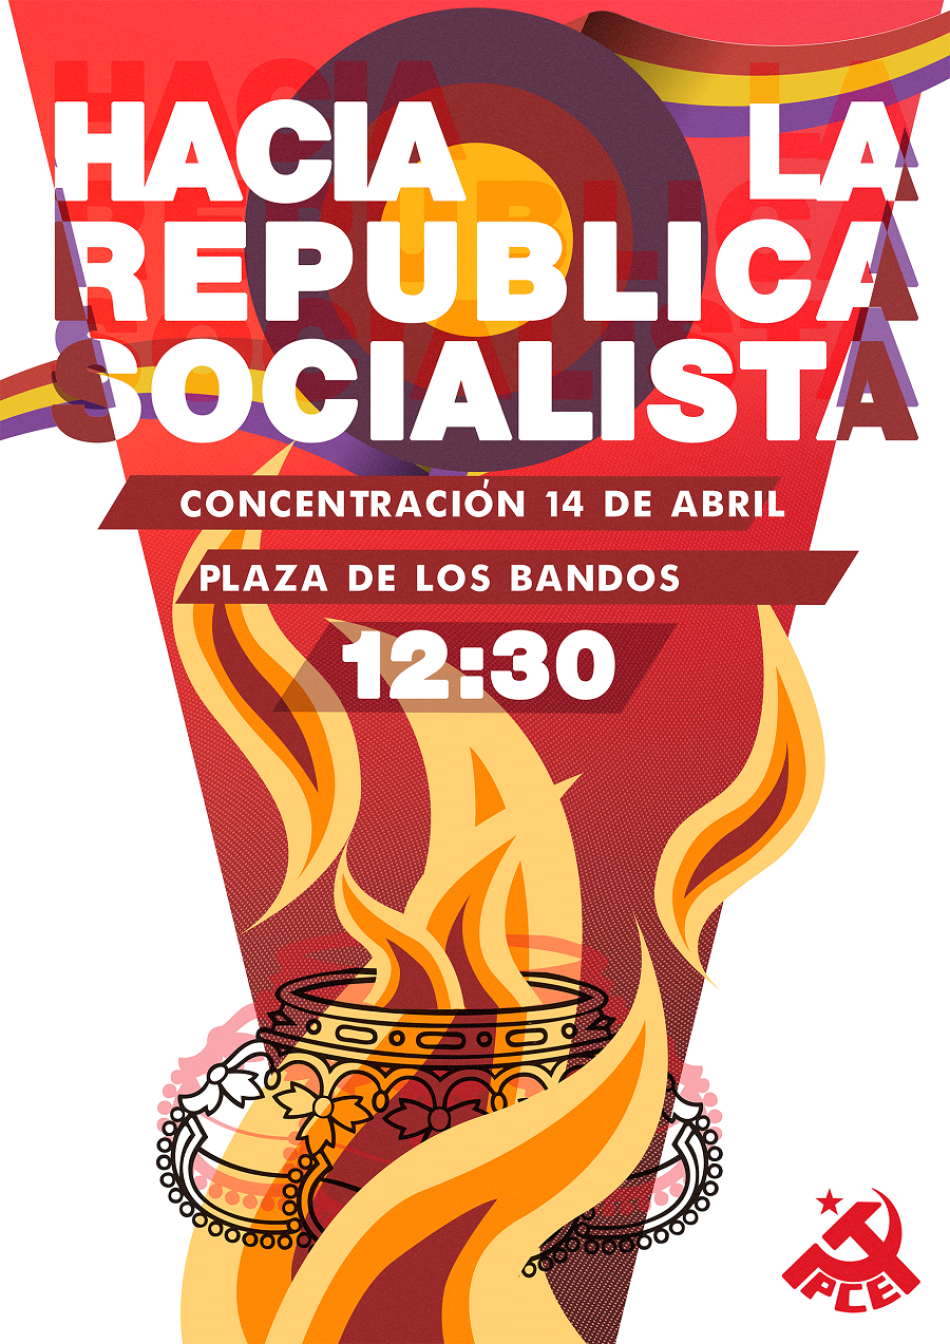 El PCE de Salamanca organiza una nueva concentración republicana
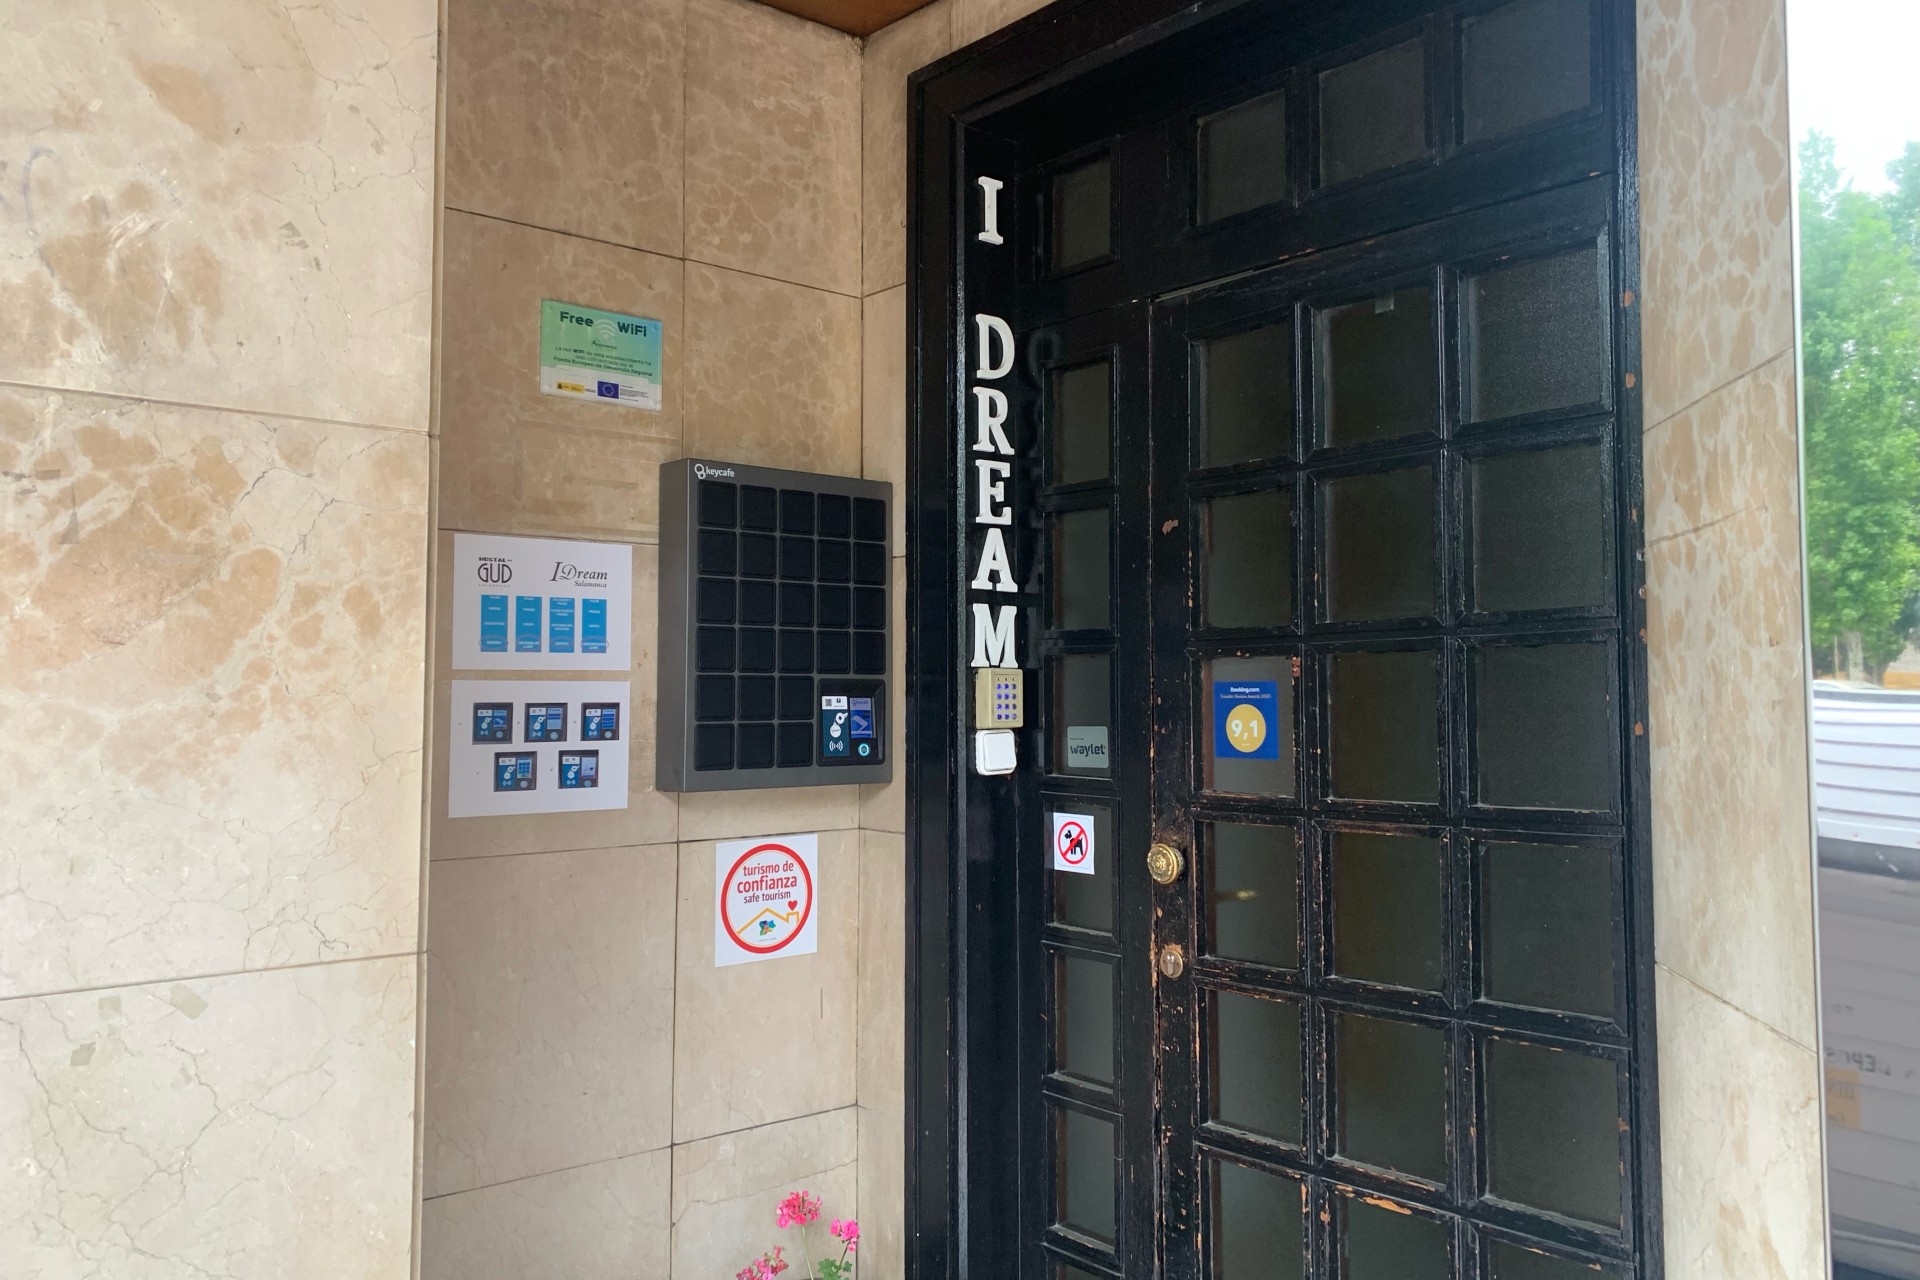 I Dream Hostel Salamanca pone en marcha la gestión de llaves con Keycafe
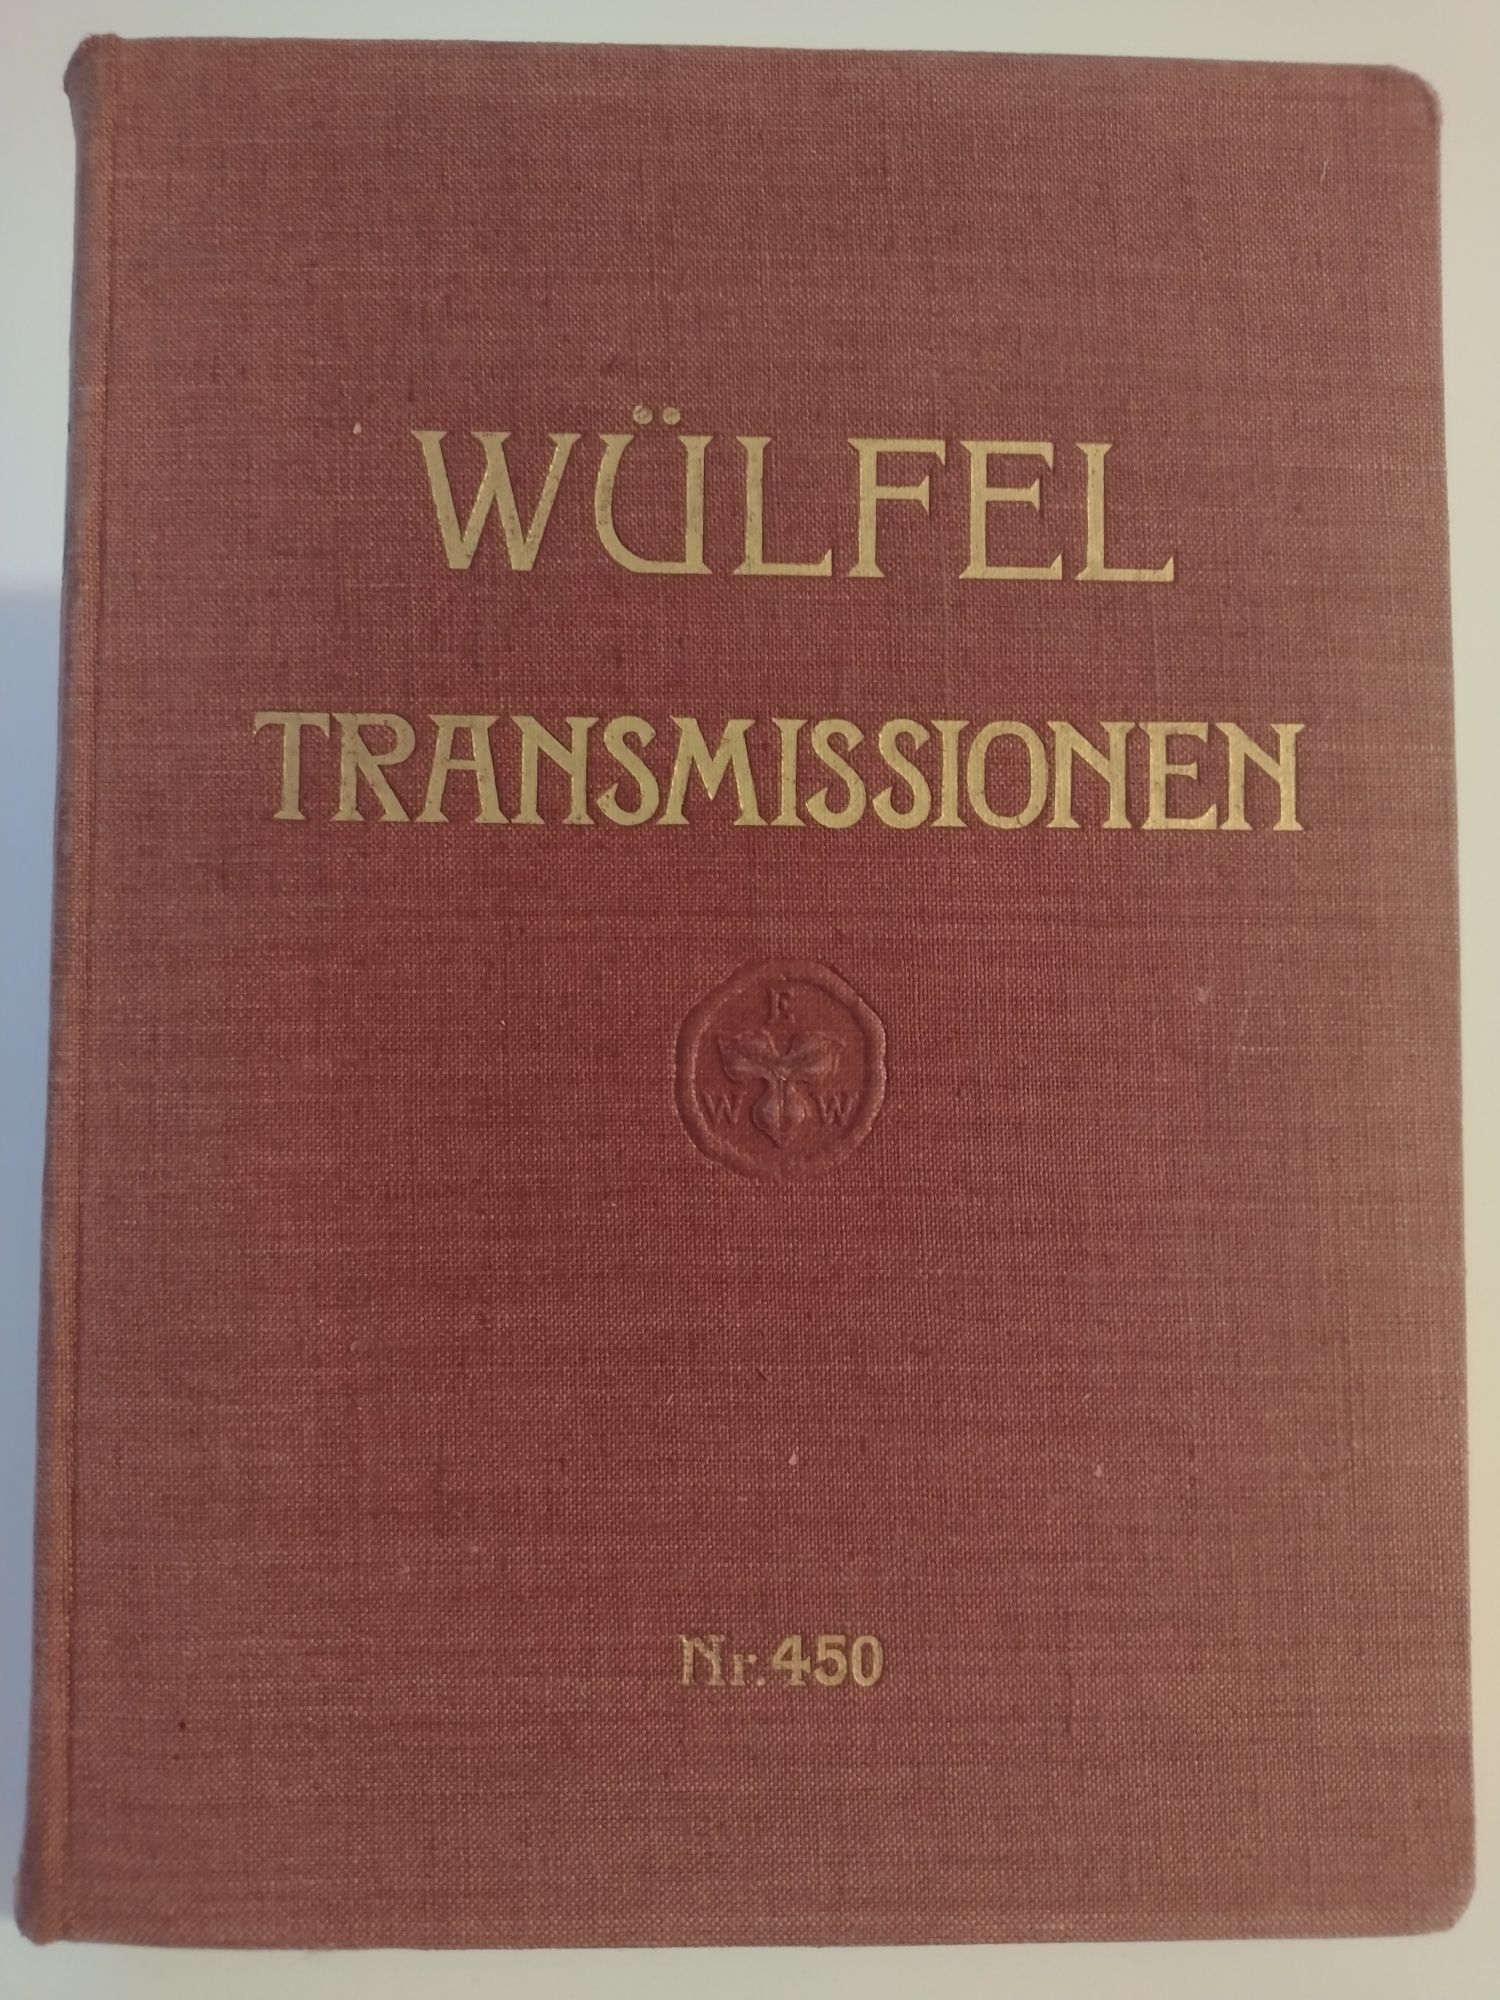 Niemiecki poradnik techniczny. Wulfel transmissionen. Nr 450

------------

**YOUR TASK**
Where the line containing "I Dream Hostel" appears in the data above, begin there and output every line through the last, exactly and without pictures.

**SOLUTION TO THE EXERCISE**
 I Dream Hostel Salamanca pone en marcha la gestión de llaves con Keycafe
 Niemiecki poradnik techniczny. Wulfel transmissionen. Nr 450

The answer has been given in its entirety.